> **What is being asked**:
Nothing but the lines below from the one holding "Endgame Gear XM2we" up to and including the one holding "Envy ONE S3" should be copied, exactly and without pictures.

> **Data to process**:

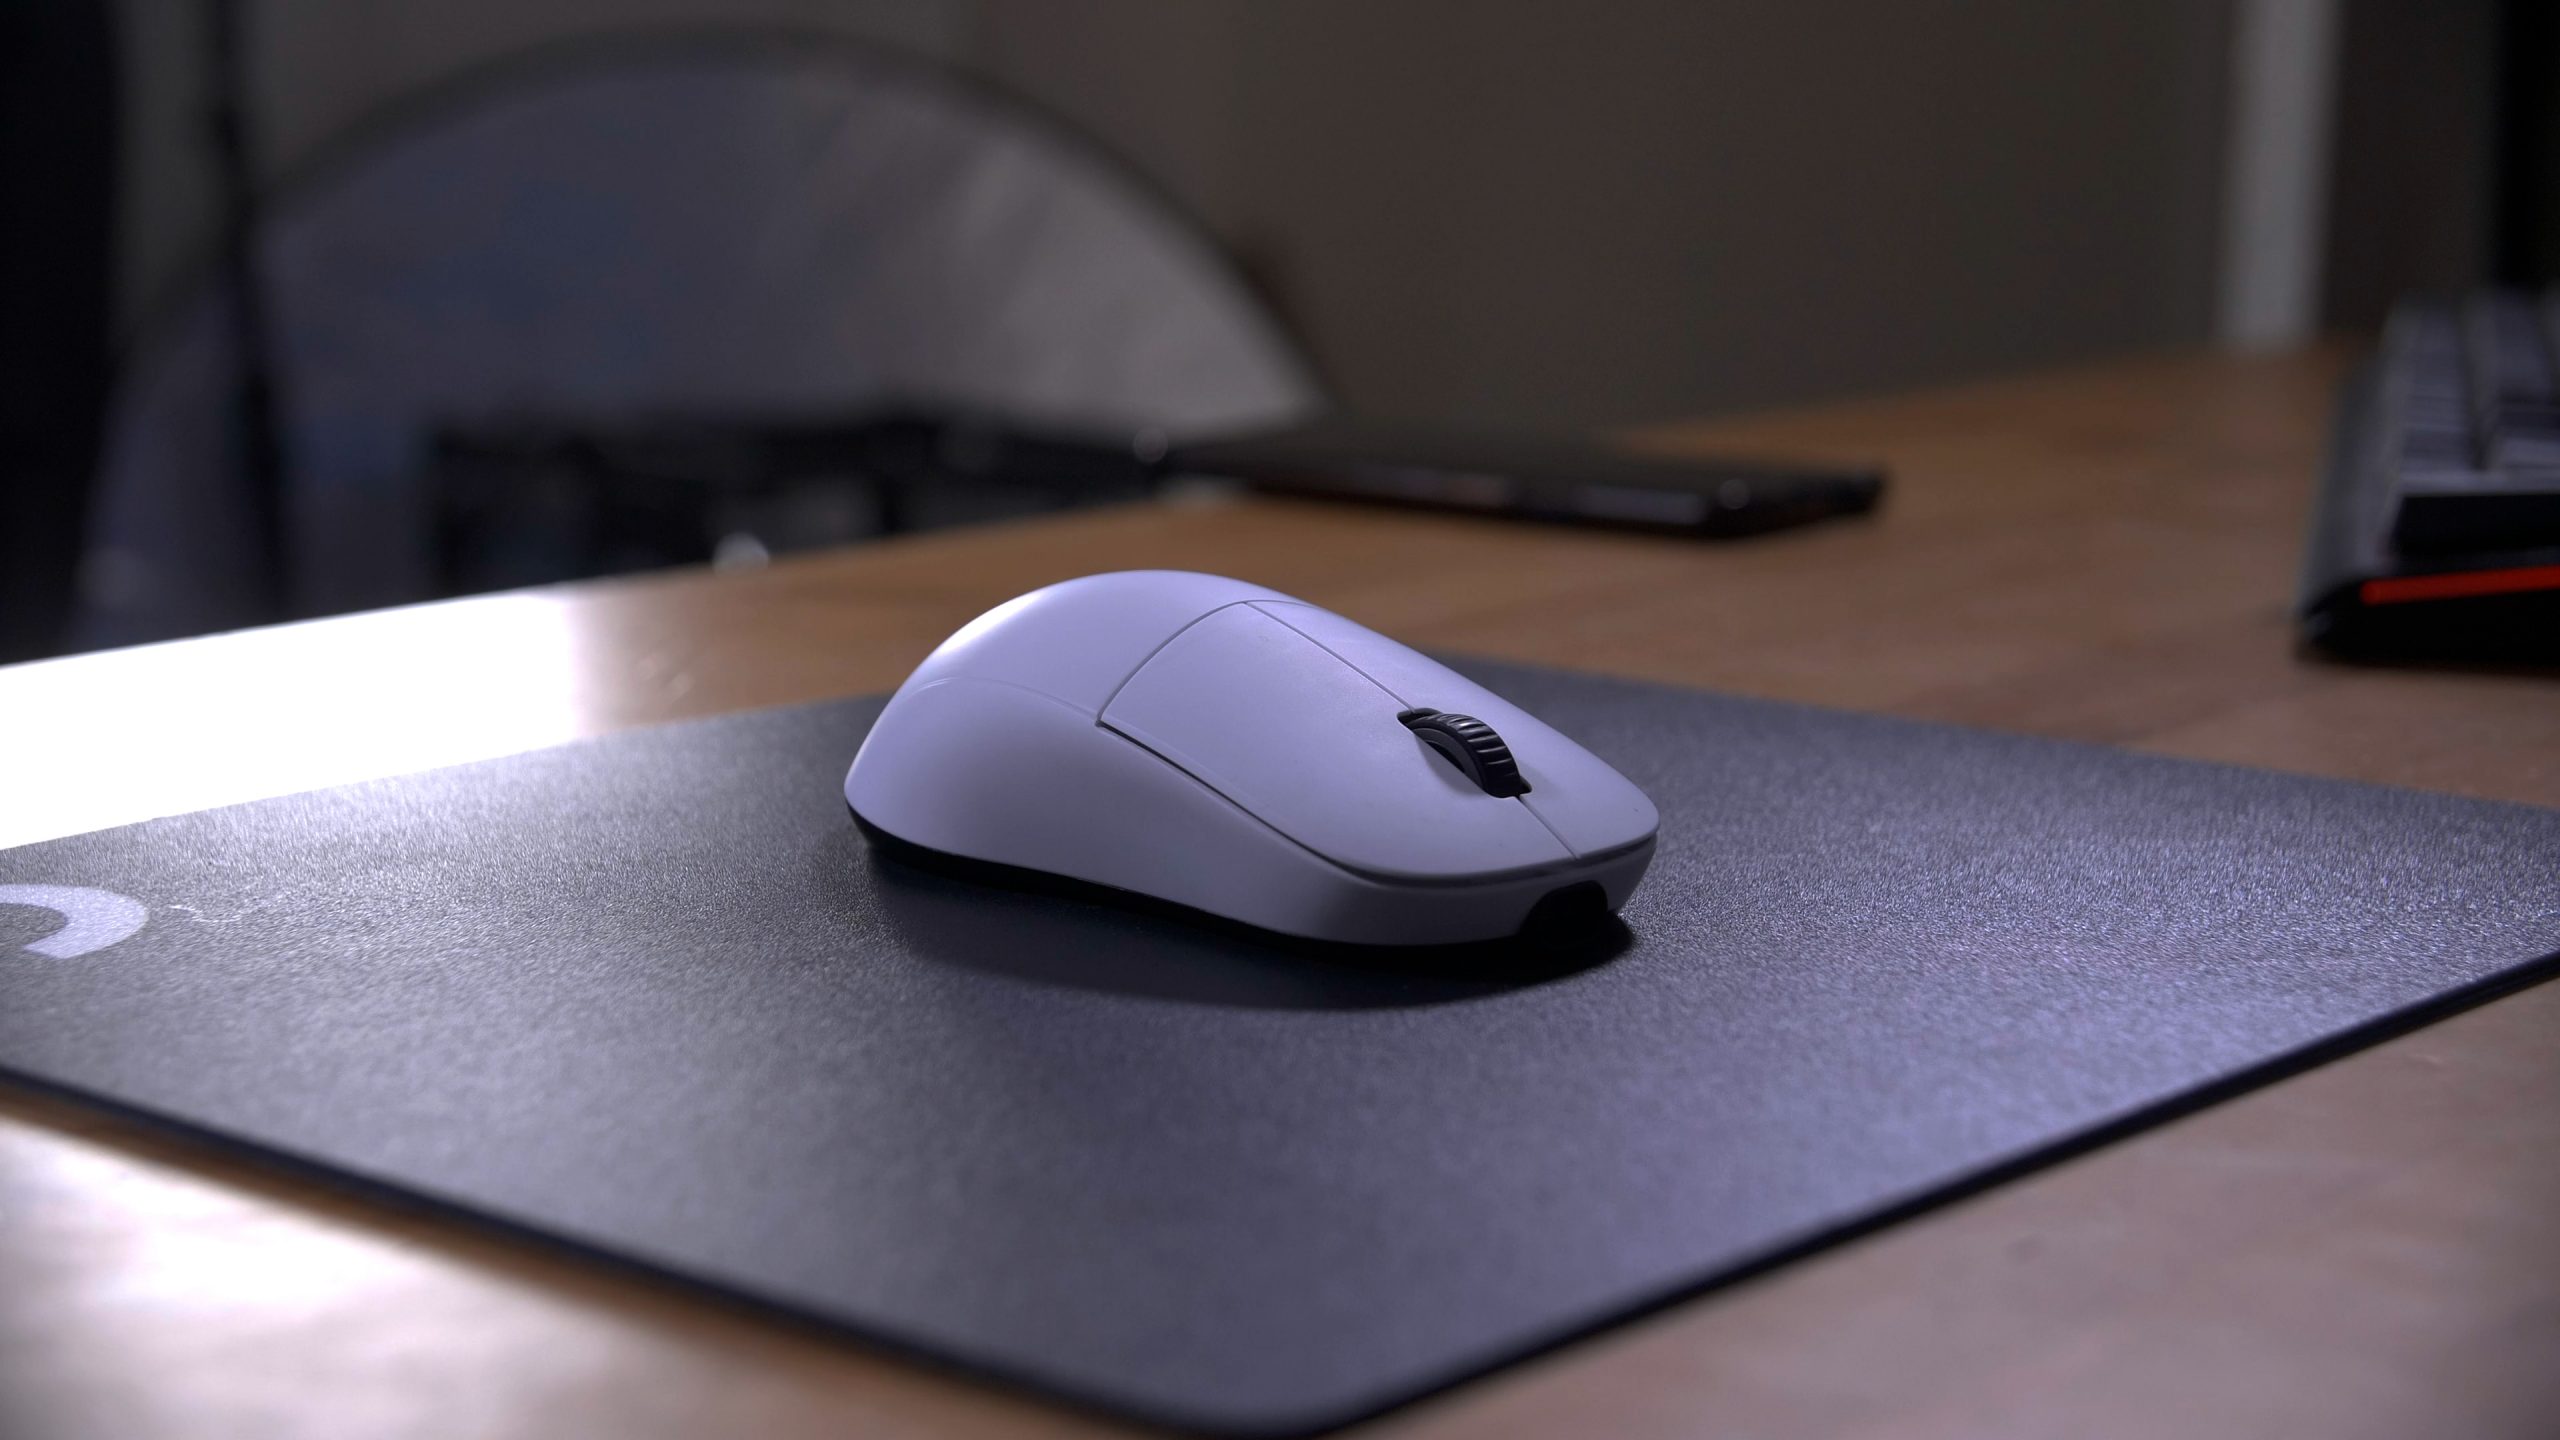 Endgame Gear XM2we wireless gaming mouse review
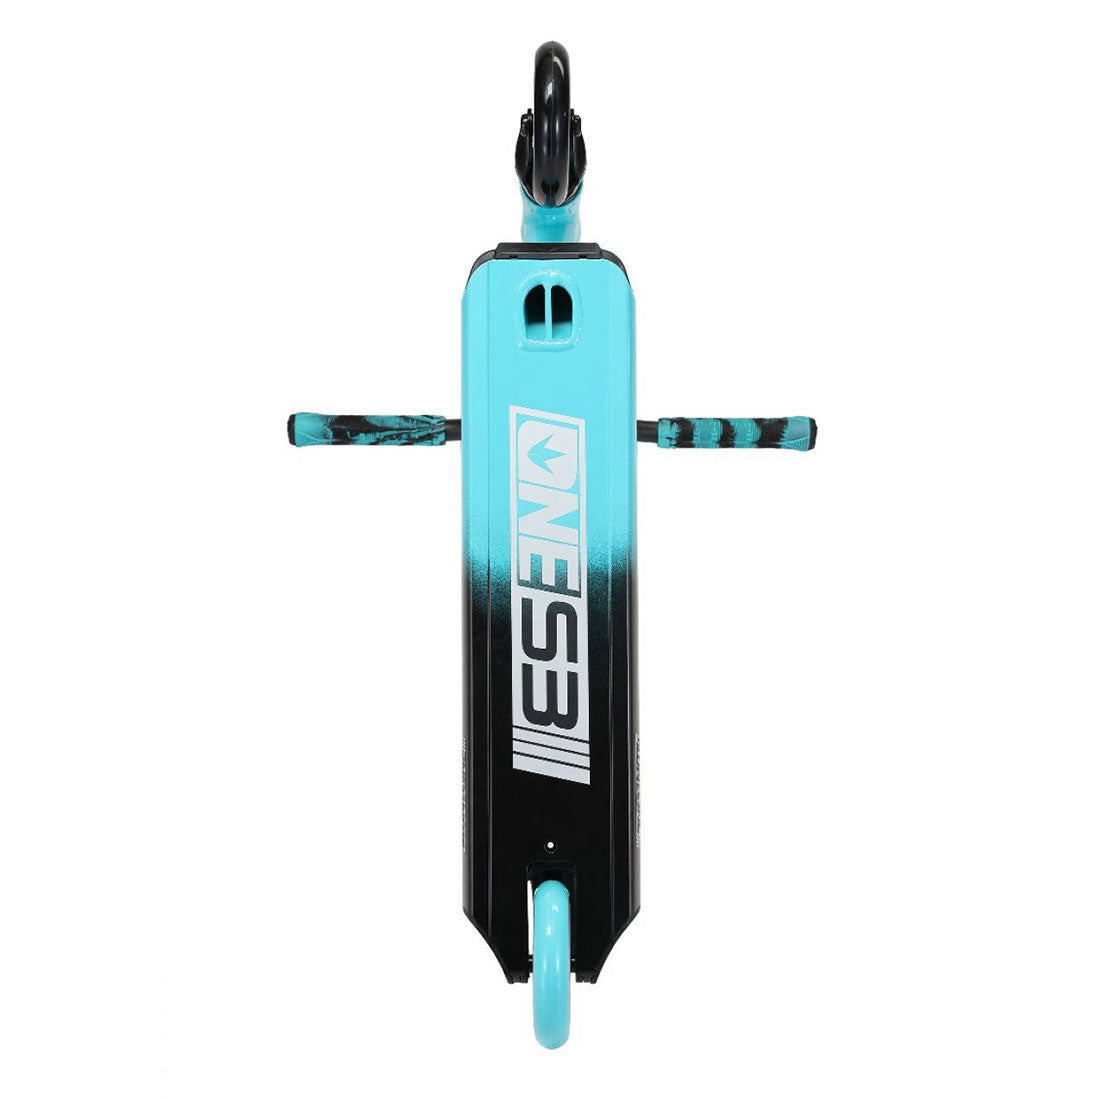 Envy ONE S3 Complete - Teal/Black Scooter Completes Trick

==

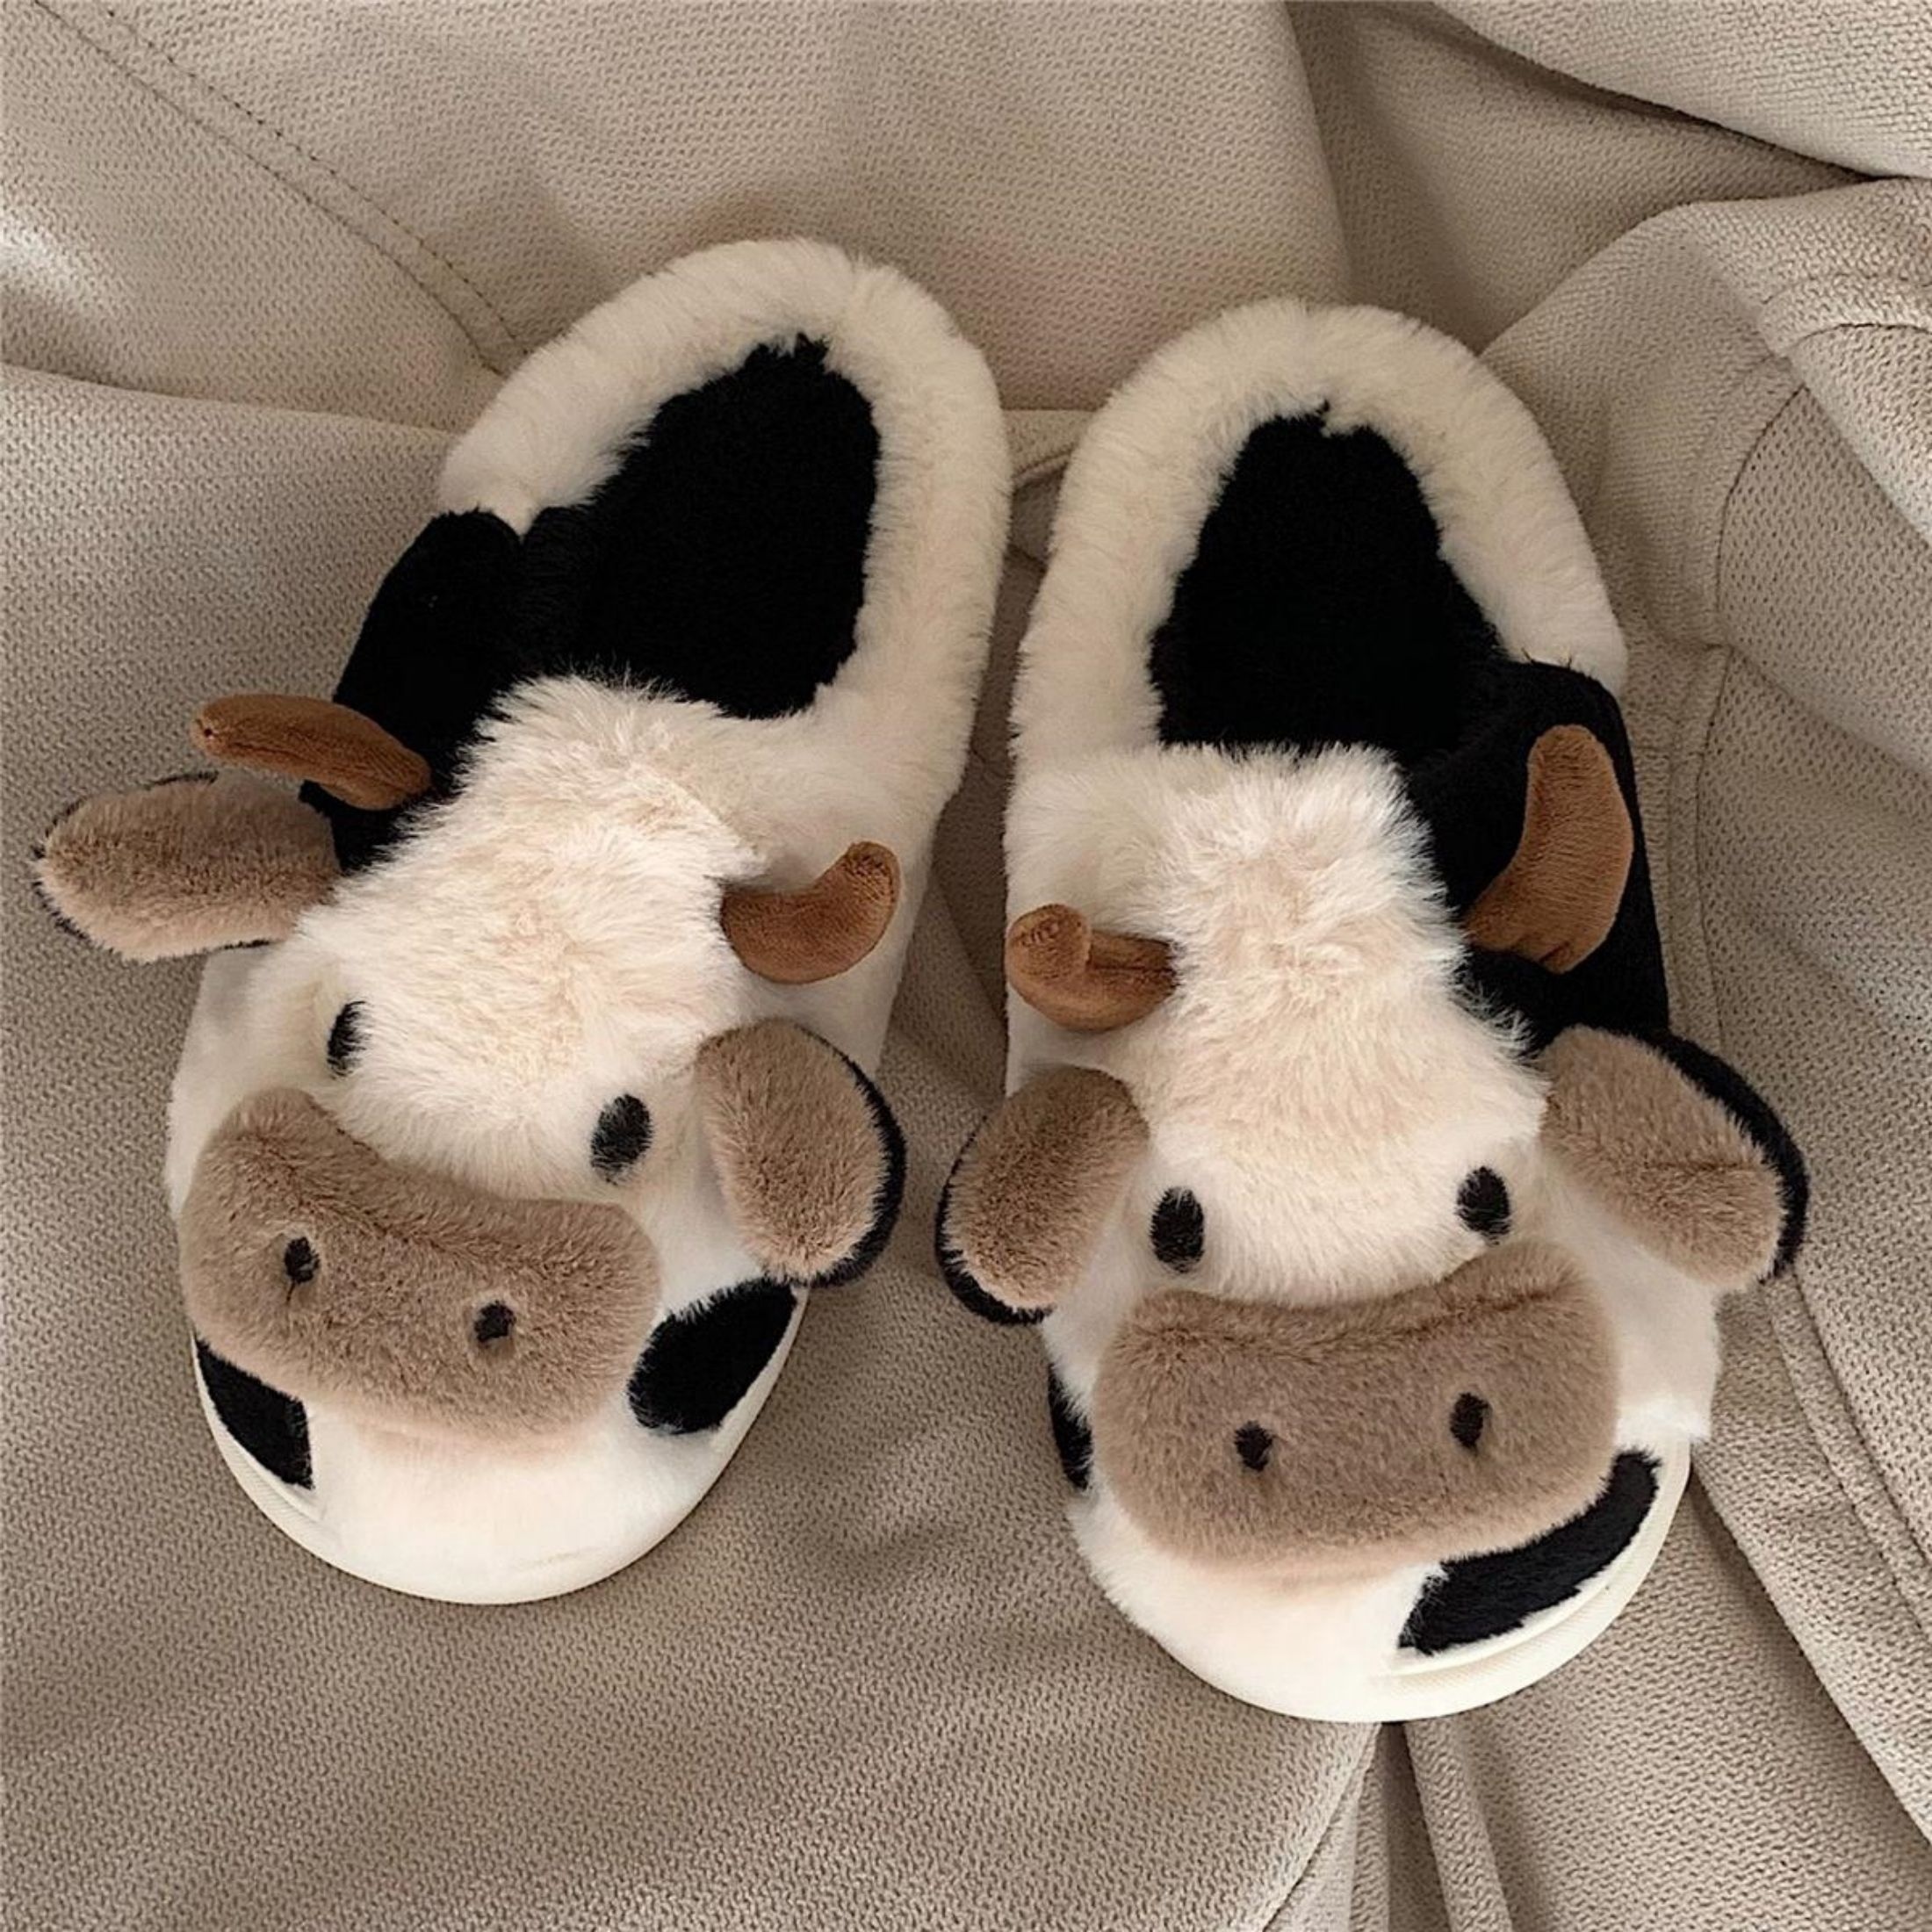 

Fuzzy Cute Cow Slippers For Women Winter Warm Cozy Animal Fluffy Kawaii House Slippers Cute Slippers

> **Task result**:
 Endgame Gear XM2we wireless gaming mouse review
 Envy ONE S3 Complete - Teal/Black Scooter Completes Trick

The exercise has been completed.